━━━ DATASET CONTENT ━━━
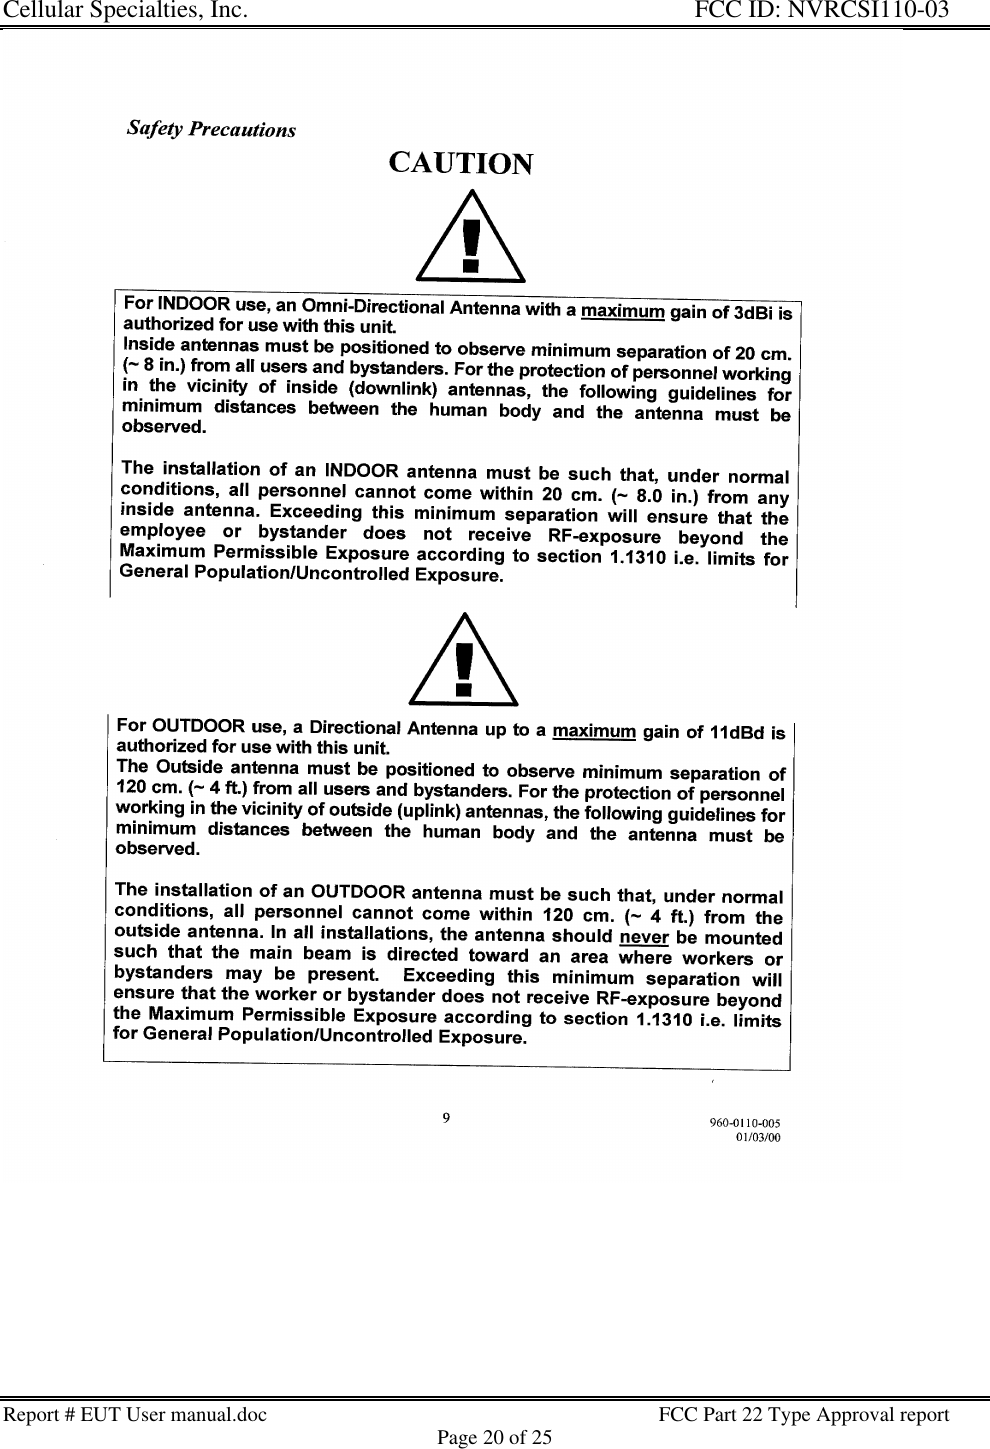 Cellular Specialties, Inc. FCC ID: NVRCSI110-03Report # EUT User manual.doc FCC Part 22 Type Approval reportPage 20 of 25
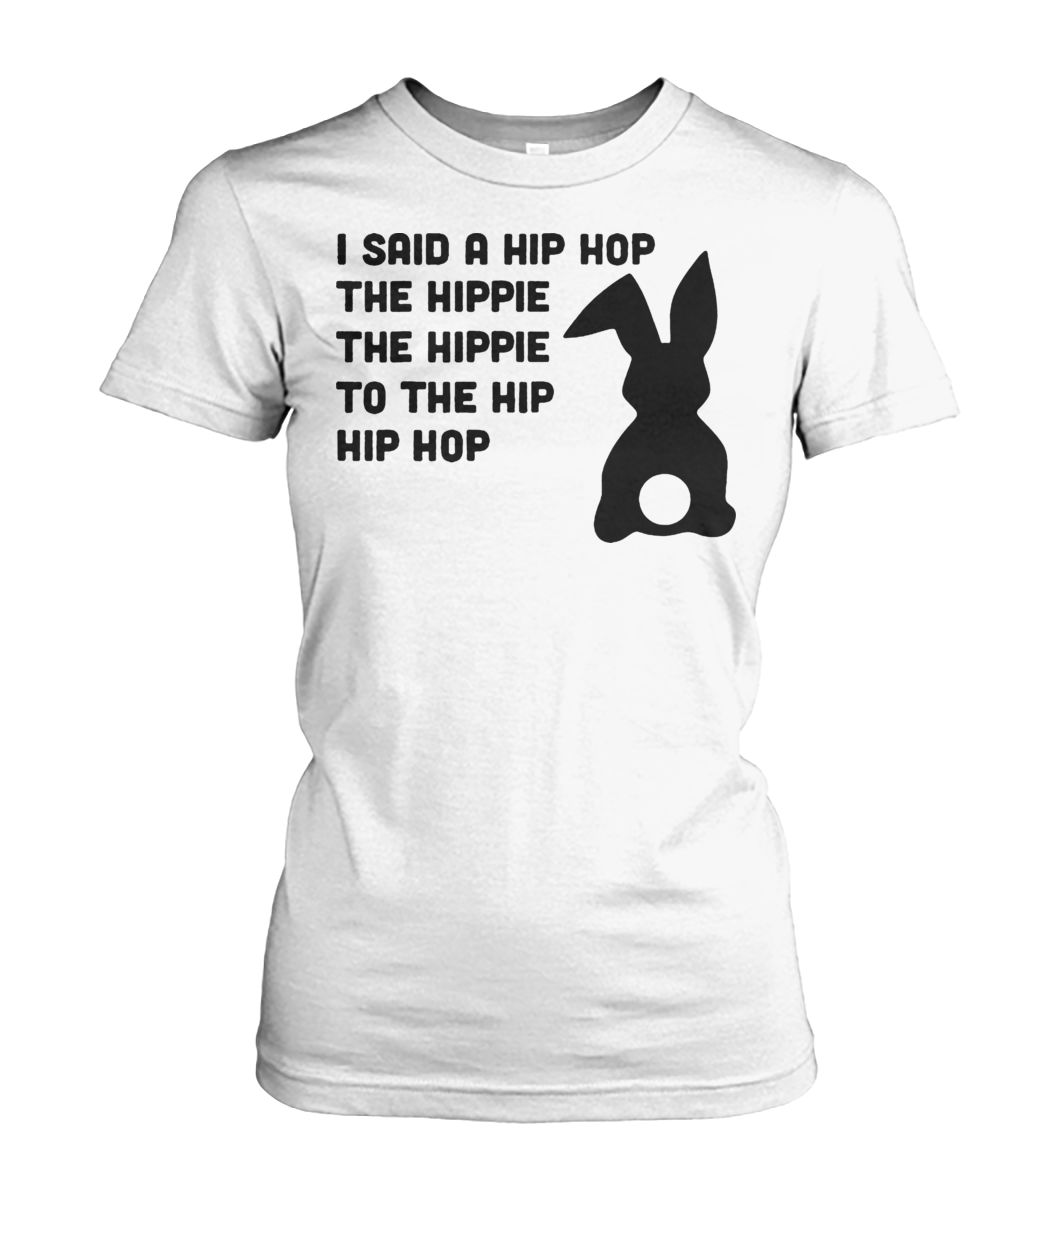 Easter I said a hip hop the hippie to the hip hip hop women's crew tee
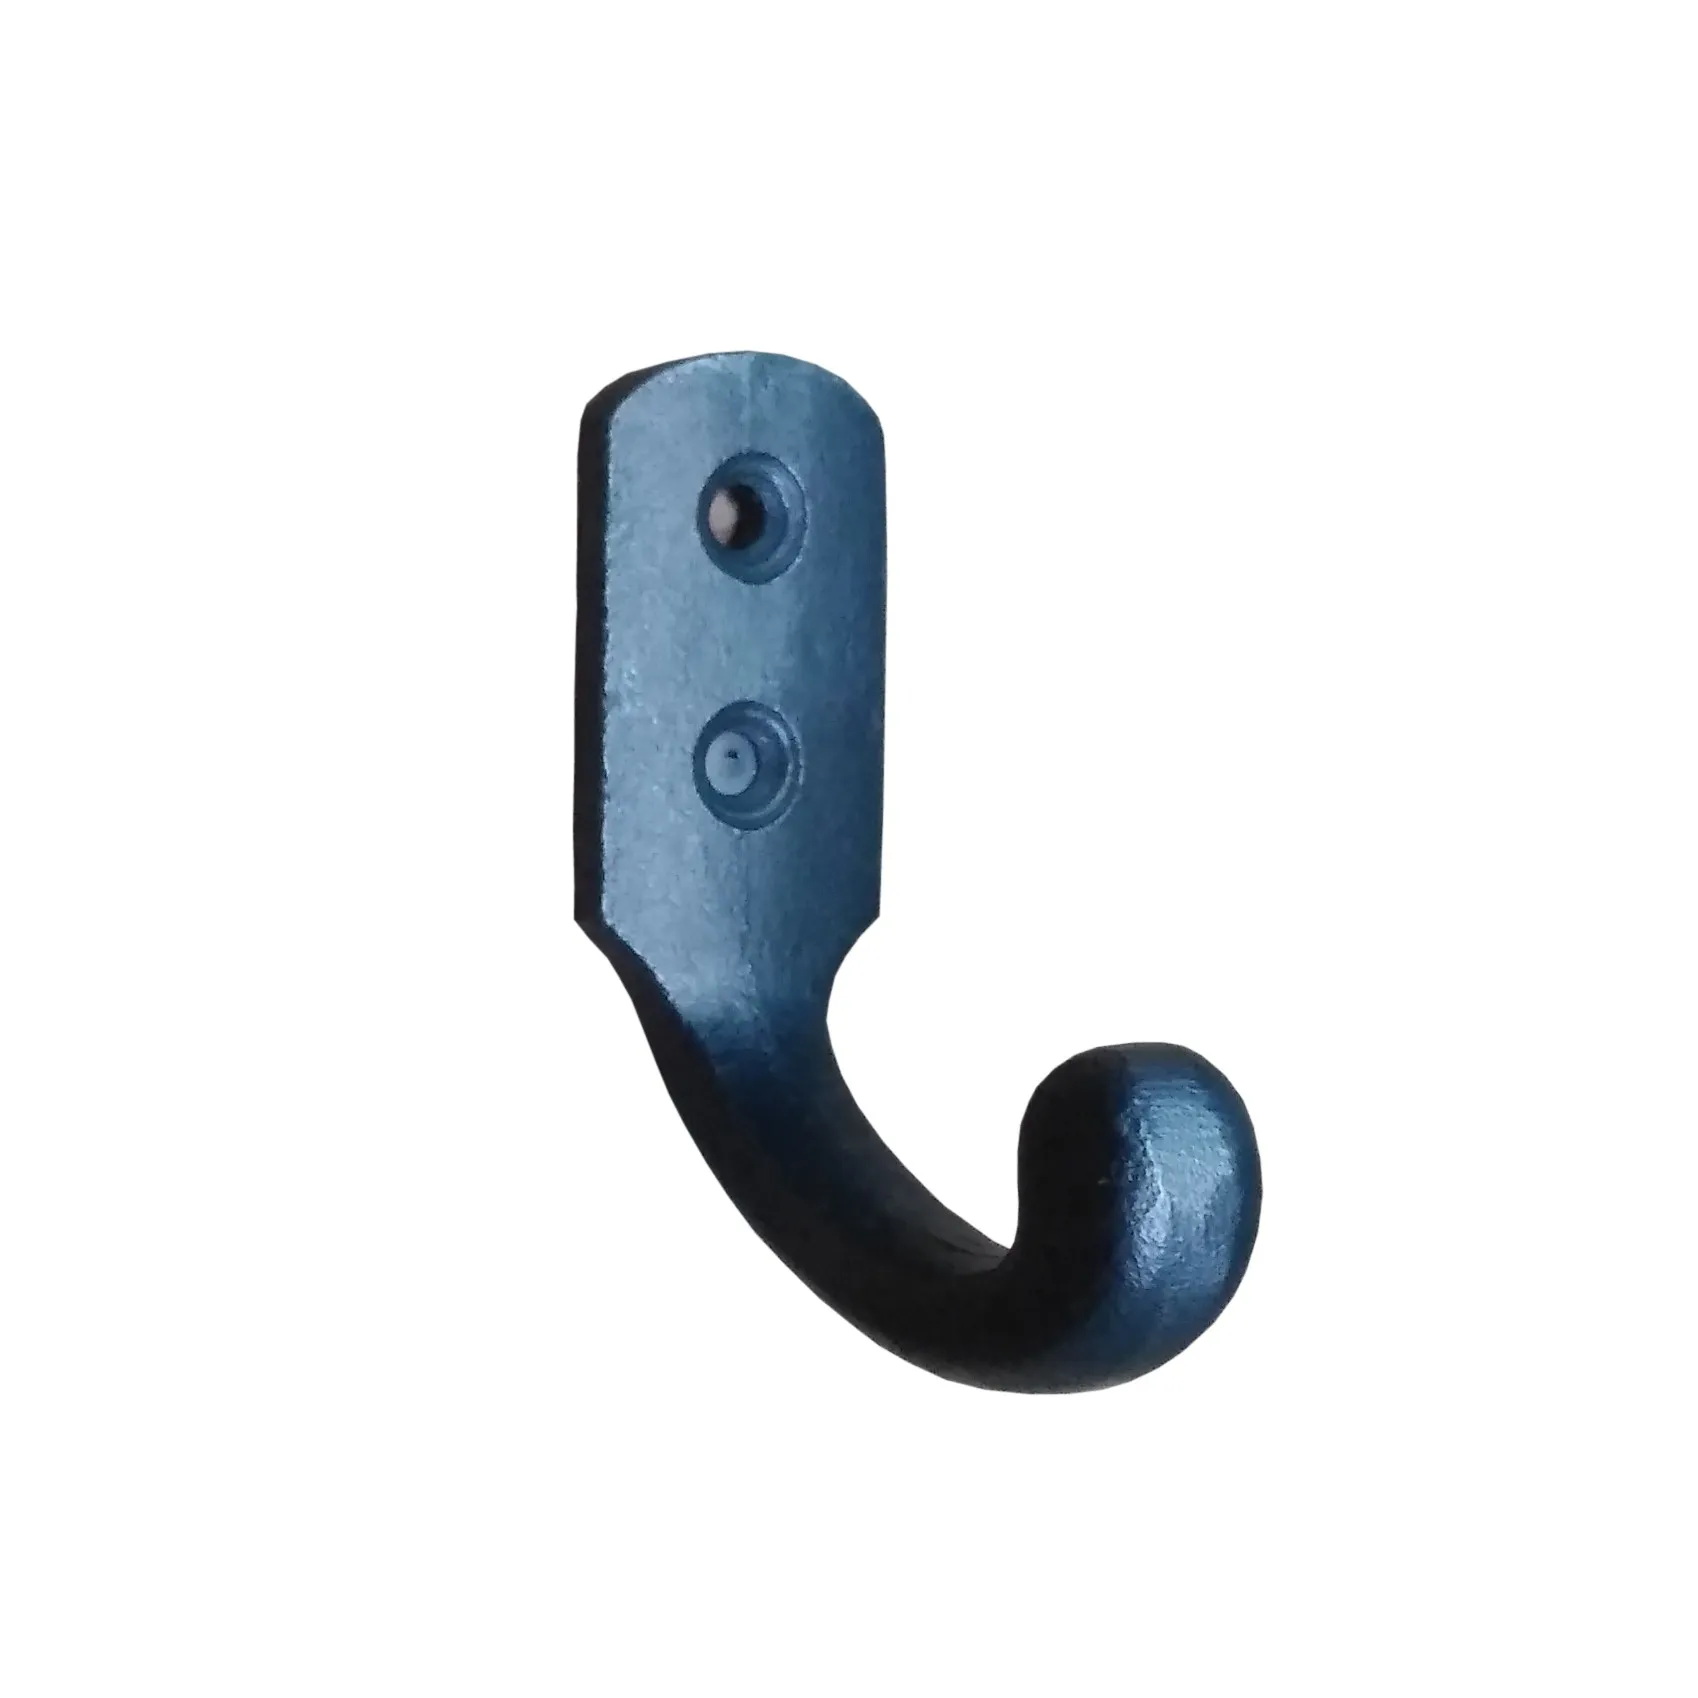 Wrought Cast Iron Coat Hook Manufacturer Supplier from Aligarh India
━━━
_EXERCISE DETAILS_
A faithful, picture-free copy of the material is what this task asks for.

_ANSWER FOR THIS EXERCISE_
 Cellular Specialties, Inc. FCC ID: NVRCSI110-03Report # EUT User manual.doc FCC Part 22 Type Approval reportPage 20 of 25
 Easter I said a hip hop the hippie to the hip hip hop women's crew tee
 Wrought Cast Iron Coat Hook Manufacturer Supplier from Aligarh India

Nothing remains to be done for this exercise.